Innovation driving equity release growth as product numbers double: ERC
The growth in equity release has been driven by innovation across the later life lending market, as the number of product options available has more than doubled in two years, according to the Equity Release Council's Autumn 2018 report.
"These figures highlight the rise in new products and increased product flexibility, which is helping older homeowners to fulfill a host of pressing personal, social and financial needs. "
As of August 2018, 139 product options were available to consumers, more than double the 58 products on the market two years ago.
The Council says this increase in product choices has sparked a growing base of equity release customers in recent years – up by 81% from H1 2016 to H1 2018.
It also noted the greater flexibility that today's equity release products offer. Four in five (80%) product options offer consumers the choice to make ad-hoc, penalty-free voluntary or partial repayments of their loan, up from 68% a year ago, while lifetime mortgages now include the option to ringfence equity.

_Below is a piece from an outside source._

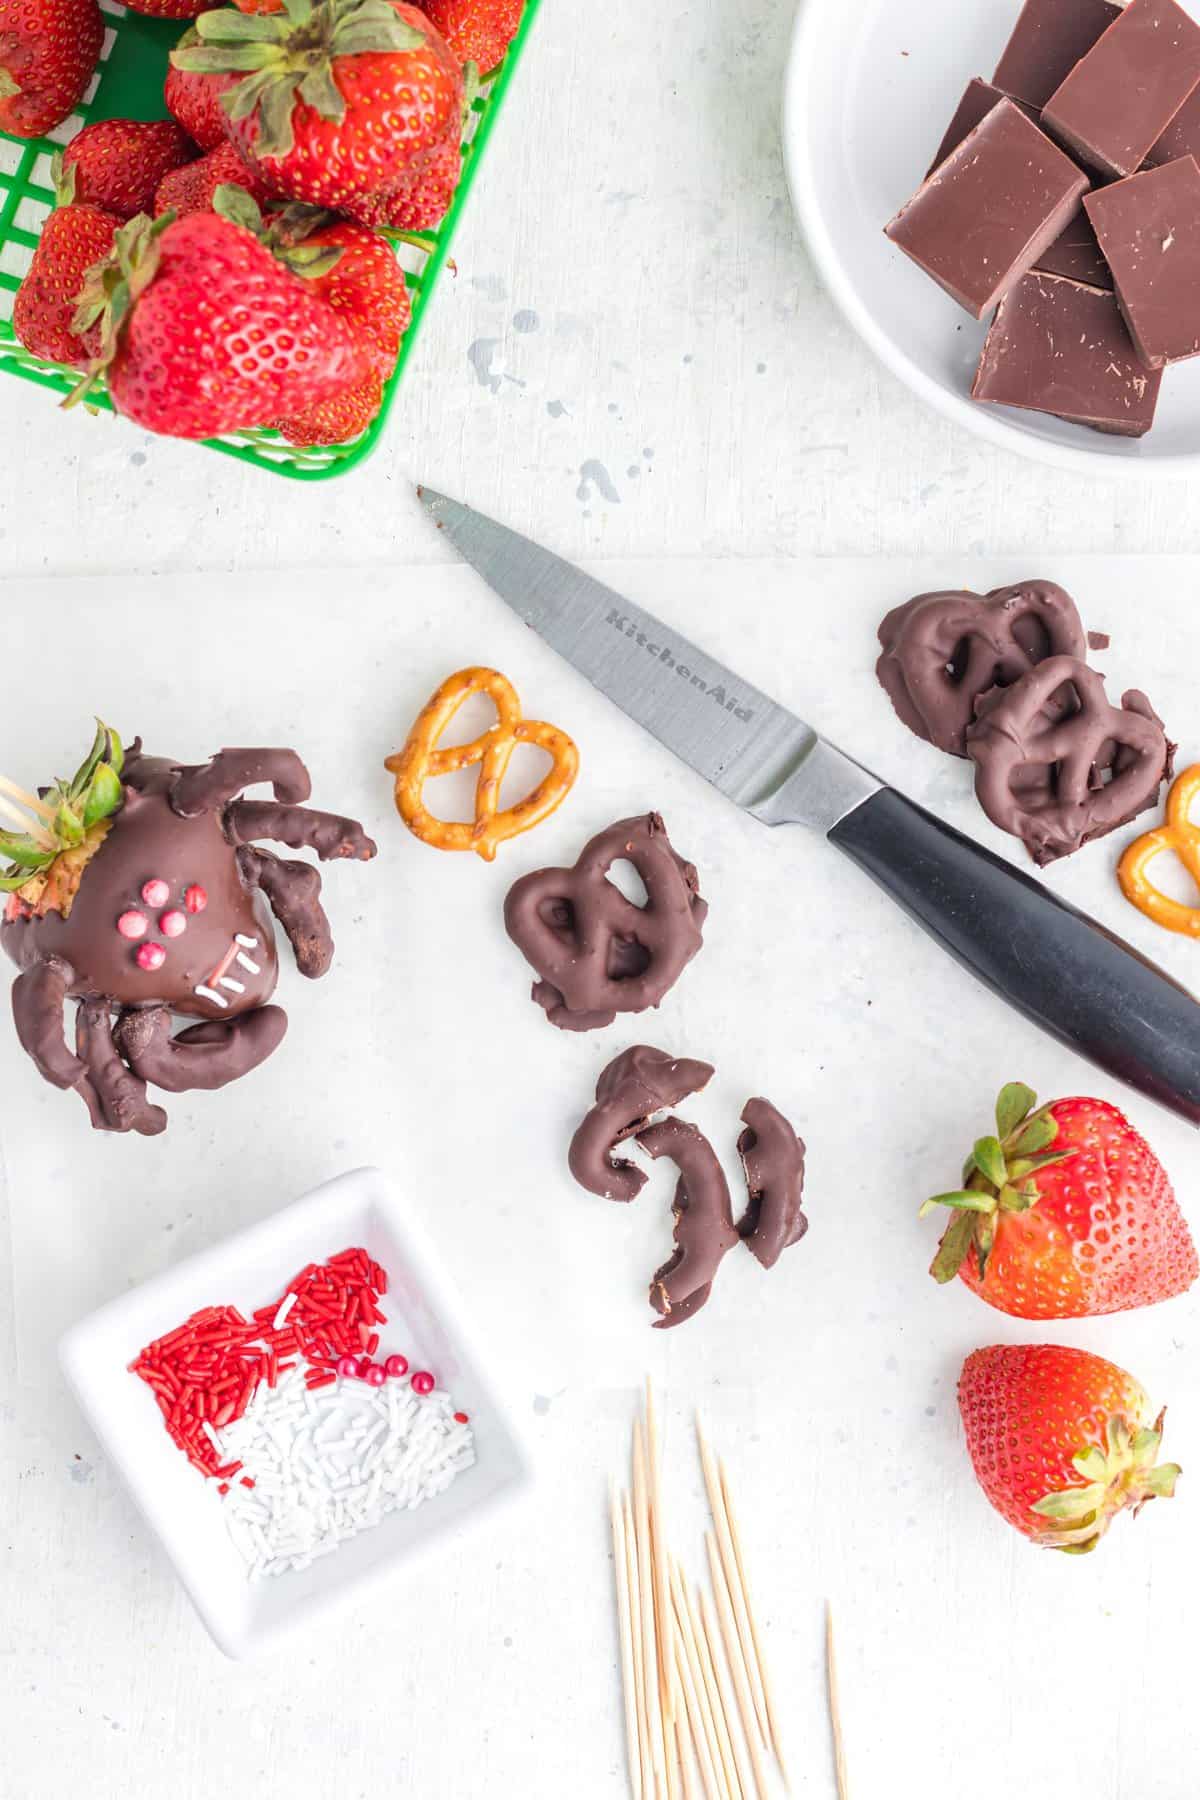 Cutting the chocolate dipped pretzel into little pieces for the legs. 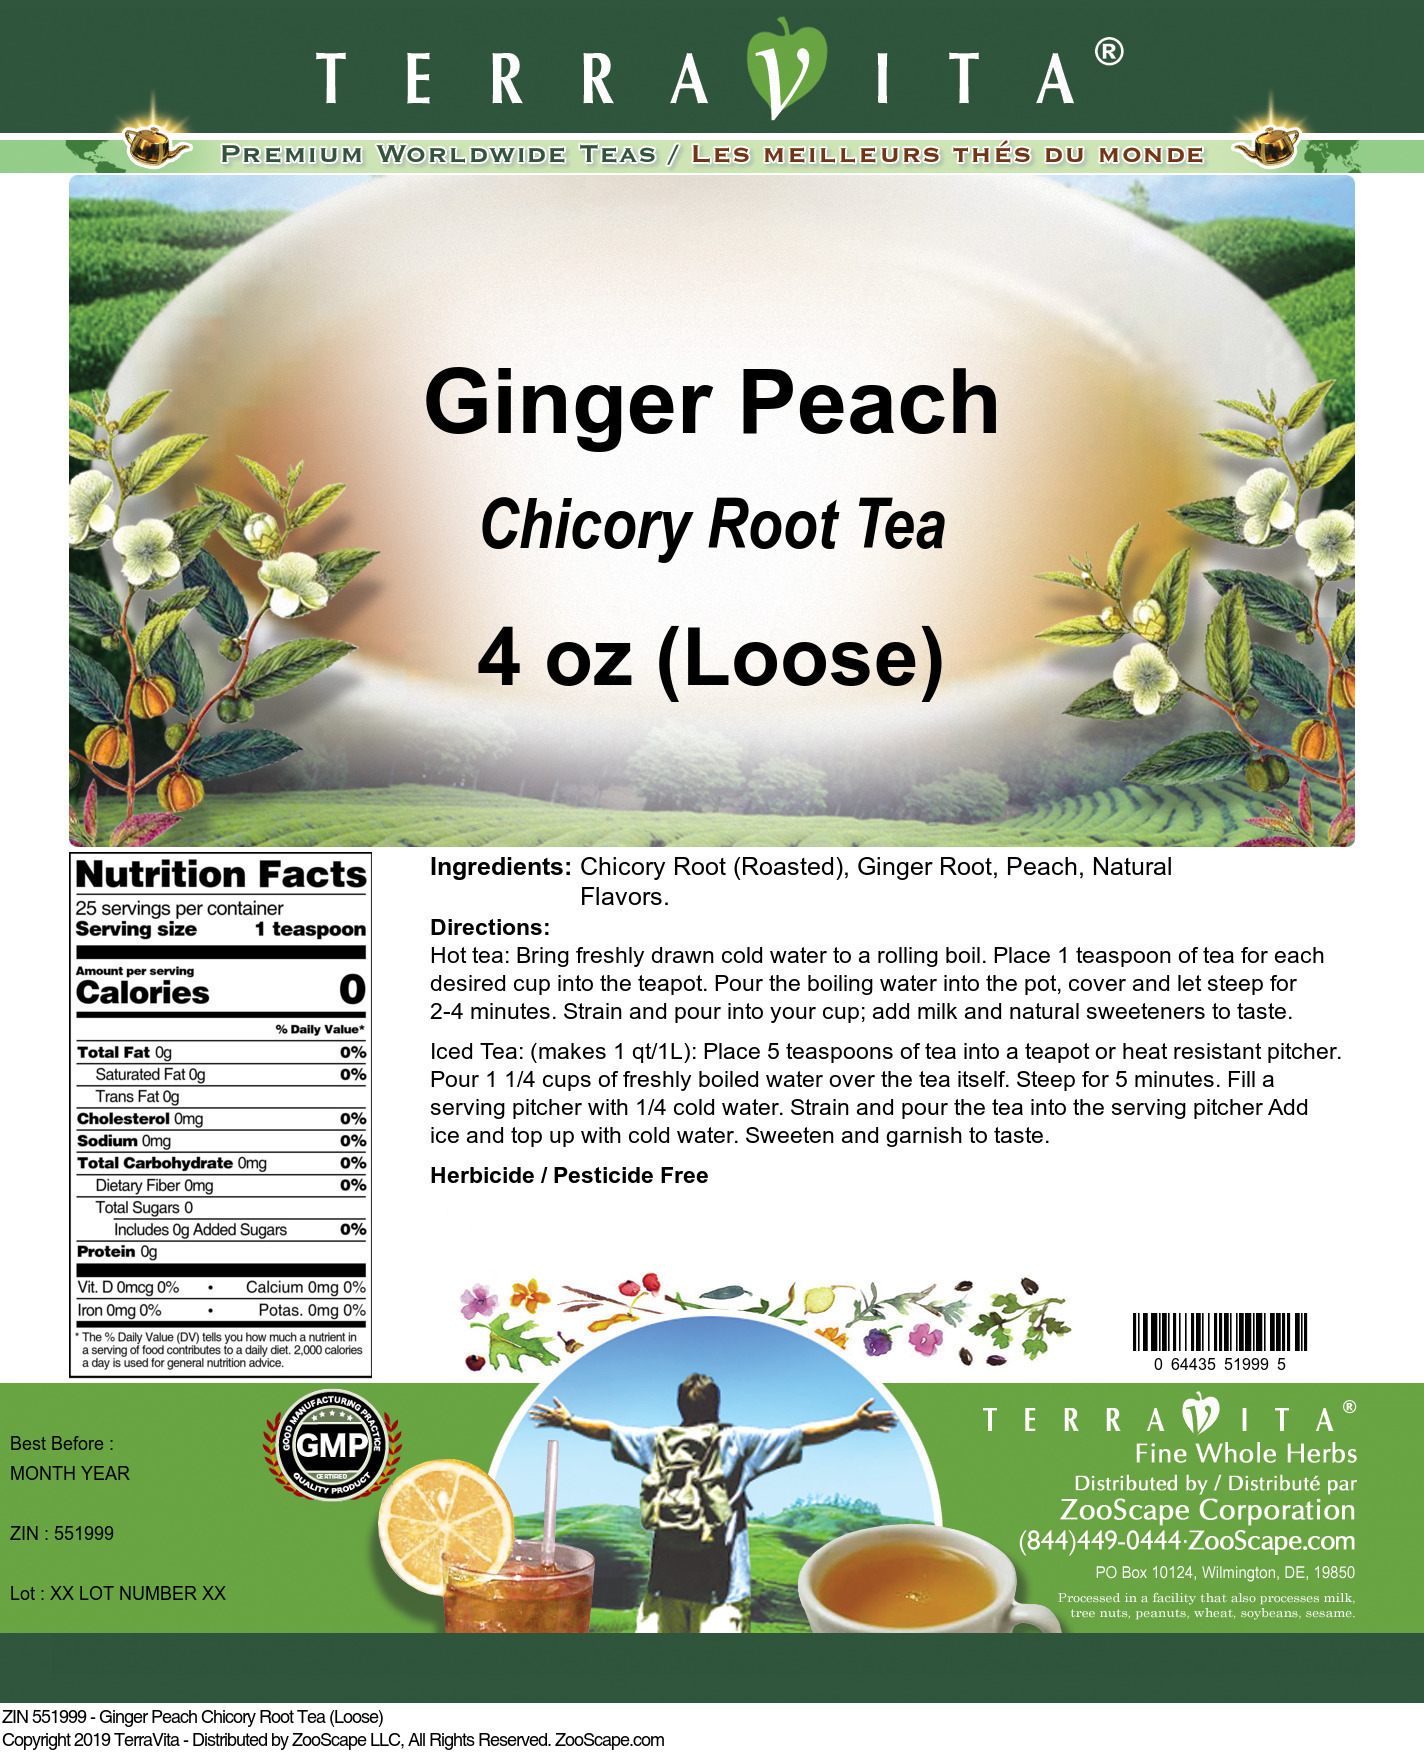 Ginger Peach Chicory Root Tea (Loose) - Label

Additionally, increased choice has come with lower pricing driven by greater competition in the sector: the average interest rate for equity release products was 5.22% as of July 2018, down from 5.27% in July 2017 and from 5.96% a year earlier. Comparing average rates by customer rather than by product shows that the typical new customer paid less than 5% across both drawdown and lump sum plans.
A total of 38,912 households aged 55 and over used equity release products from members of The Council to unlock housing wealth in H1 2018. This included 21,490 new plans agreed, up by 28% from 16,805 a year earlier. A further 15,709 returning drawdown customers made withdrawals from their agreed reserve funds between January and June, up 25% year-on-year.
Across both product types, the average customer continued to draw on proportionate amounts of housing wealth below the 50%+ maximum LTV available on the market. The average size of a lump sum plan was smaller in H1 2018 than in H2 2017, bringing the average loan-to-value down to 30.8%.
In contrast, the average drawdown plan increased, but customers continued to take less than a fifth (18.2%) of their total housing wealth as an initial advance – keeping further funds in reserve, limiting the build-up of interest over the lifetime of their plan.
Government figures show the number of households in England purchased via a gift or loan from friends or family recently reached a post-2007/8 high of 1.1m.
David Burrowes, chairman of the Equity Release Council, commented: “These figures highlight the rise in new products and increased product flexibility, which is helping older homeowners to fulfill a host of pressing personal, social and financial needs. This innovation has brought more competition to the later life lending arena, while maintaining the standards and protections which ensure equity release products are futureproofed to provide good outcomes for consumers.
“As customers navigate their way through a growing range of product choices – including retirement interest-only mortgages – the appropriate advice, guidance and support is needed to weigh up the various benefits, costs, flexibilities and protections to ensure they are suitable to meet both current and future needs.
“Industry and regulators must continue to work to ensure customers are aware of all the options available to them when deciding how best to support themselves and their families in later life, taking all their assets – including pensions, savings, investments and property – into consideration.”